(Beginning of Dataset extract)
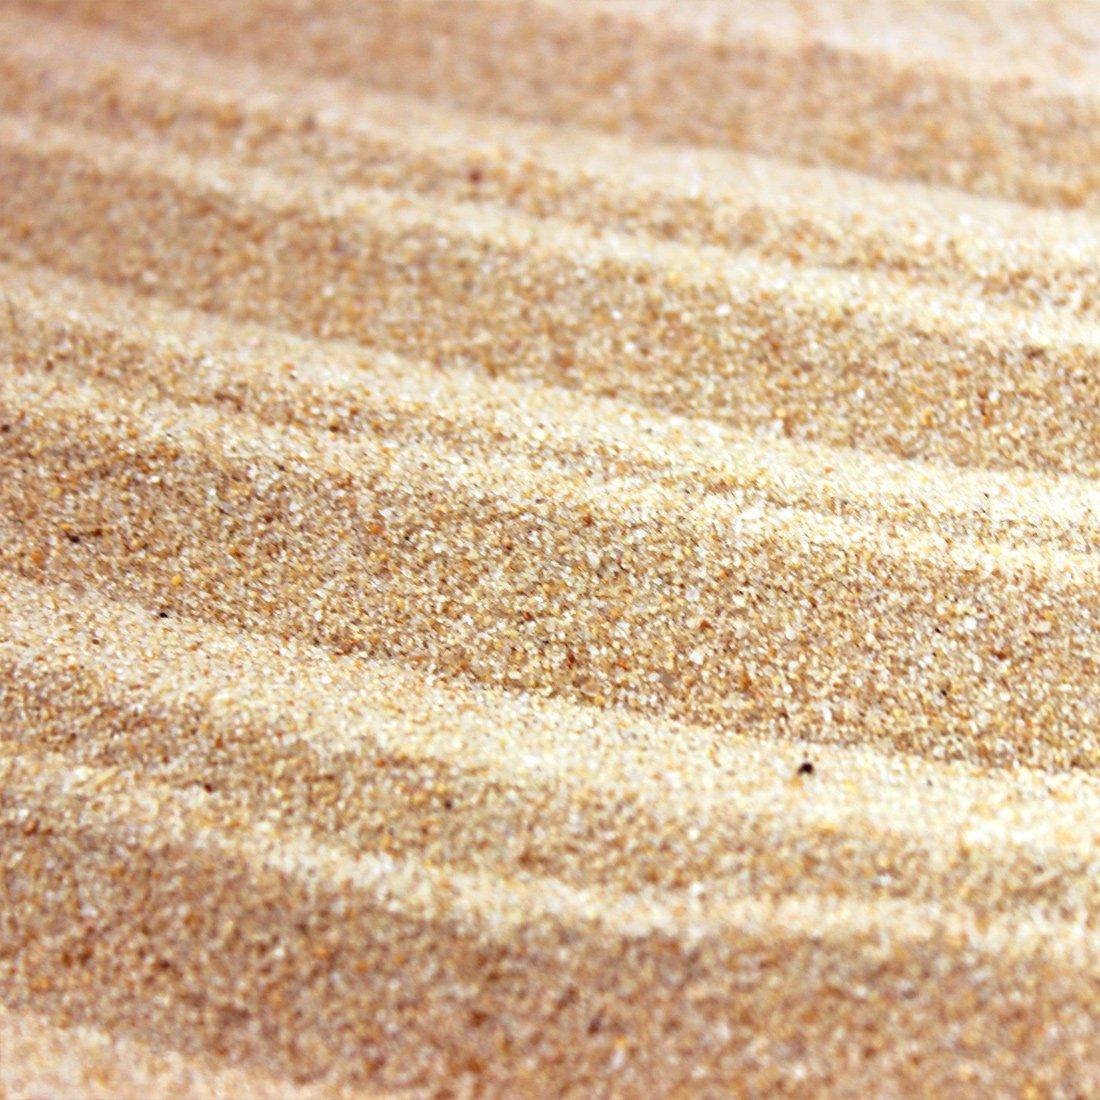 砂場用乾燥砂 さらさらあそび砂【ブラウン】 20kg(13.3L)×20袋【400kg】 B06XX6KZ3T   400kg
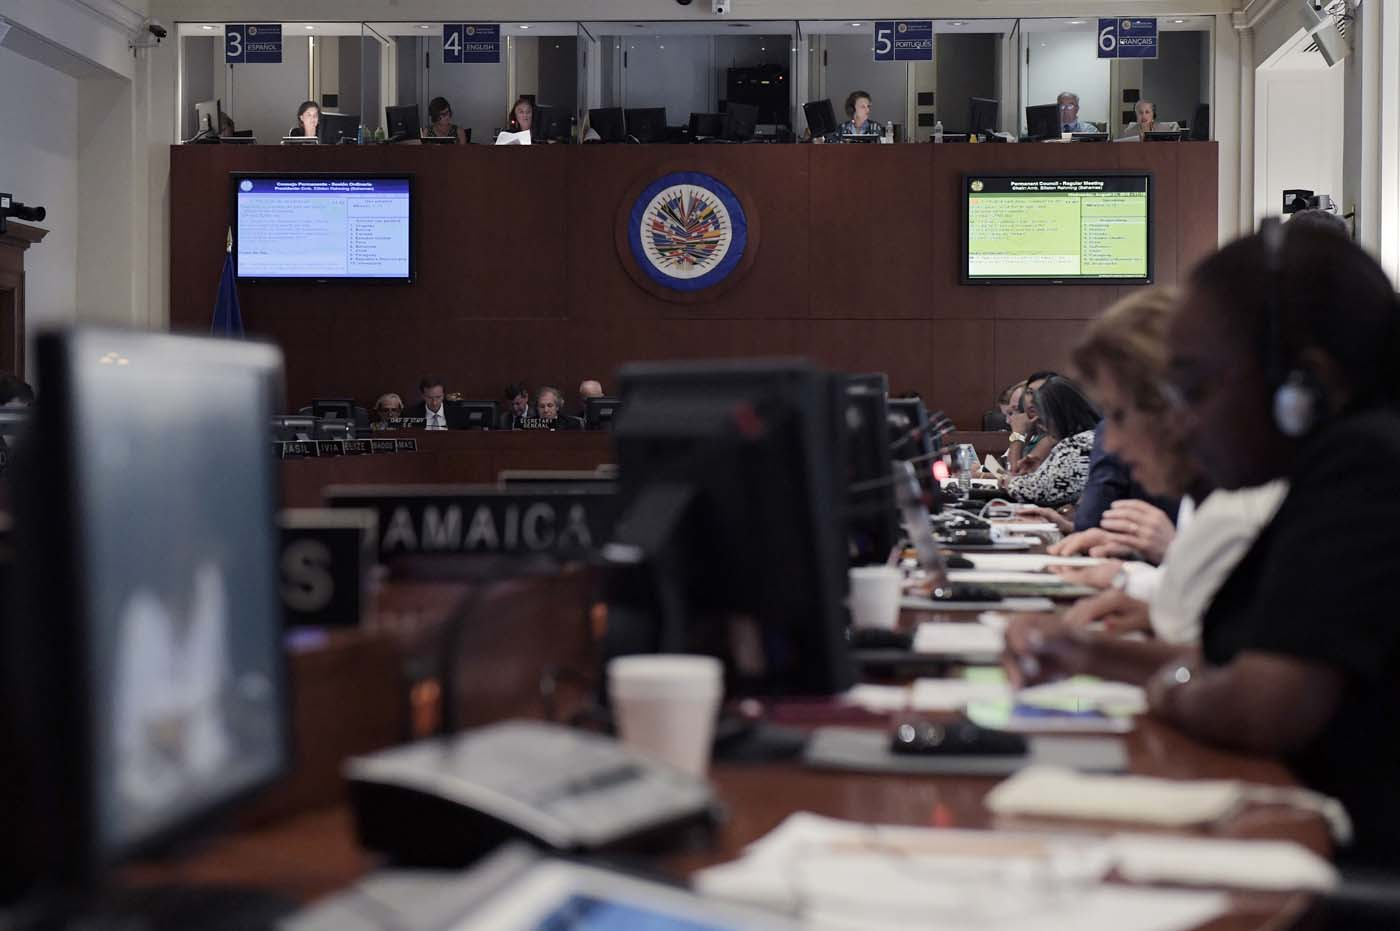 Vista de la reunión ordinaria de la Organización de Estados Americanos (OEA) en la sede de la organización en Washington (Foto EFE/LENIN NOLLY)
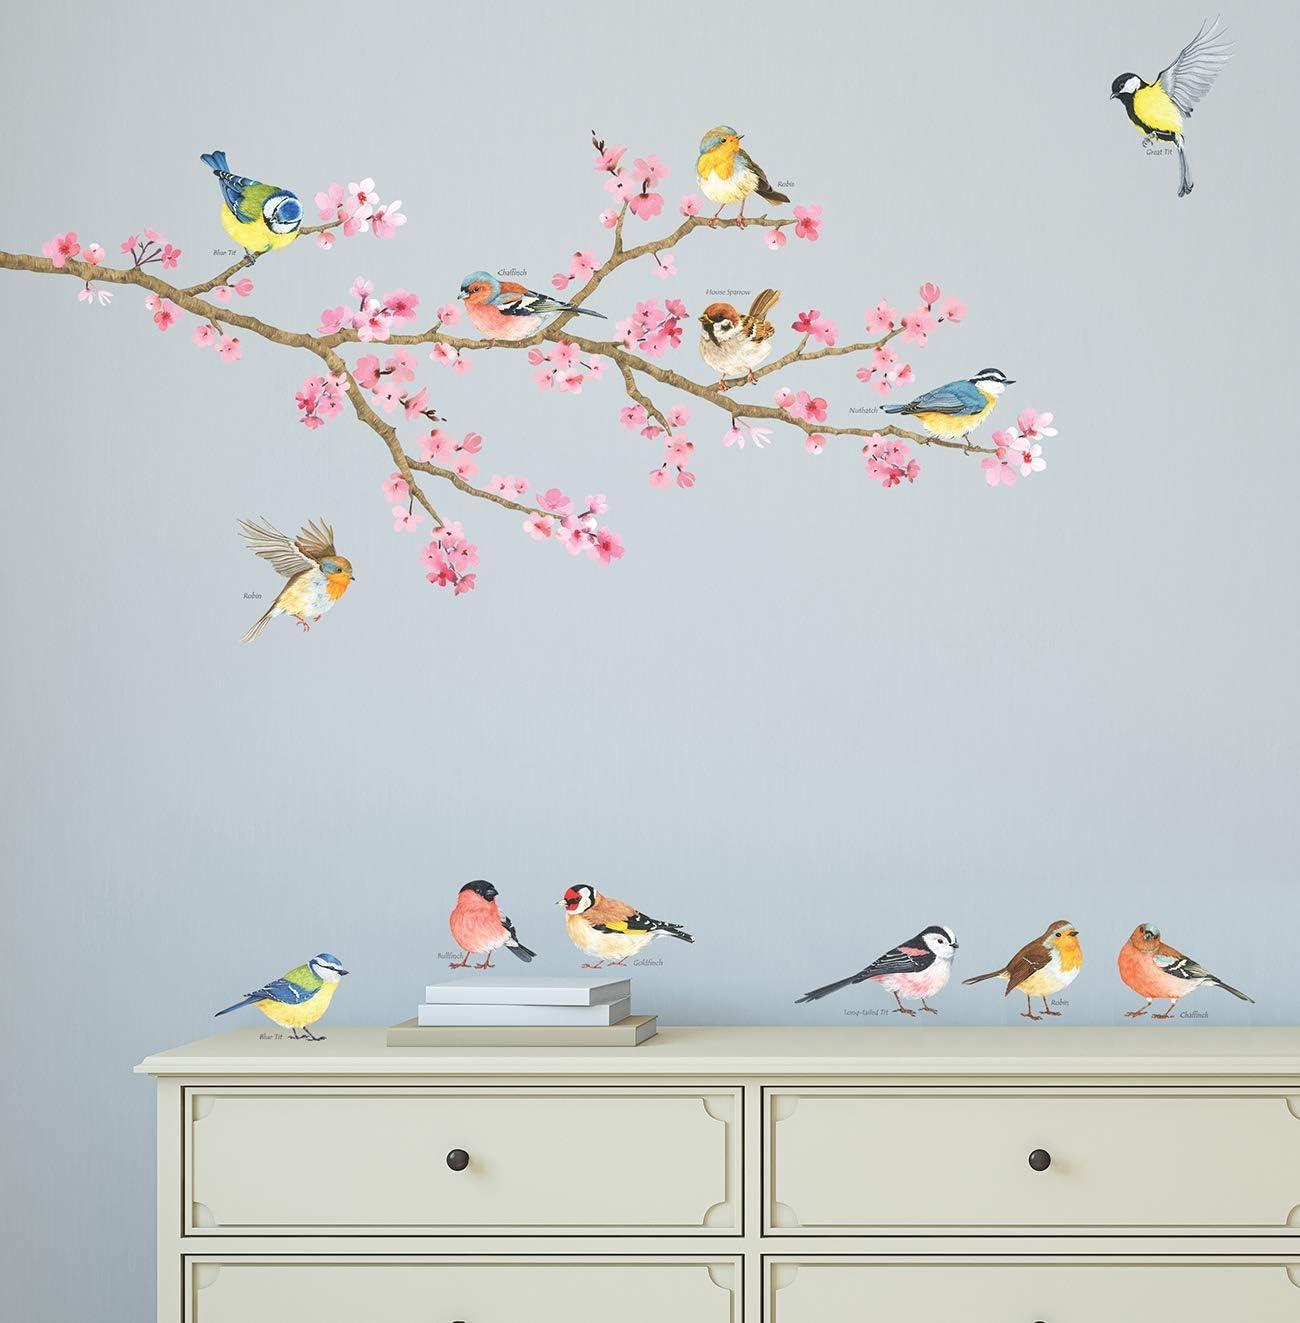 DECOWALL DA-1904 Cherry Blossom /& Uccelli da giardino Vinilo Pegatinas Decorativas Adhesiva Pared Dormitorio Sal/ón Guarder/ía Habitaci/ón Infantiles Ni/ños Beb/és
(End of Dataset extract)
Exercise description
Print the data word for word and omit the pictures.

Solution below
 砂場用乾燥砂 さらさらあそび砂【ブラウン】 20kg(13.3L)×20袋【400kg】 B06XX6KZ3T   400kg
 Vista de la reunión ordinaria de la Organización de Estados Americanos (OEA) en la sede de la organización en Washington (Foto EFE/LENIN NOLLY)
 DECOWALL DA-1904 Cherry Blossom /& Uccelli da giardino Vinilo Pegatinas Decorativas Adhesiva Pared Dormitorio Sal/ón Guarder/ía Habitaci/ón Infantiles Ni/ños Beb/és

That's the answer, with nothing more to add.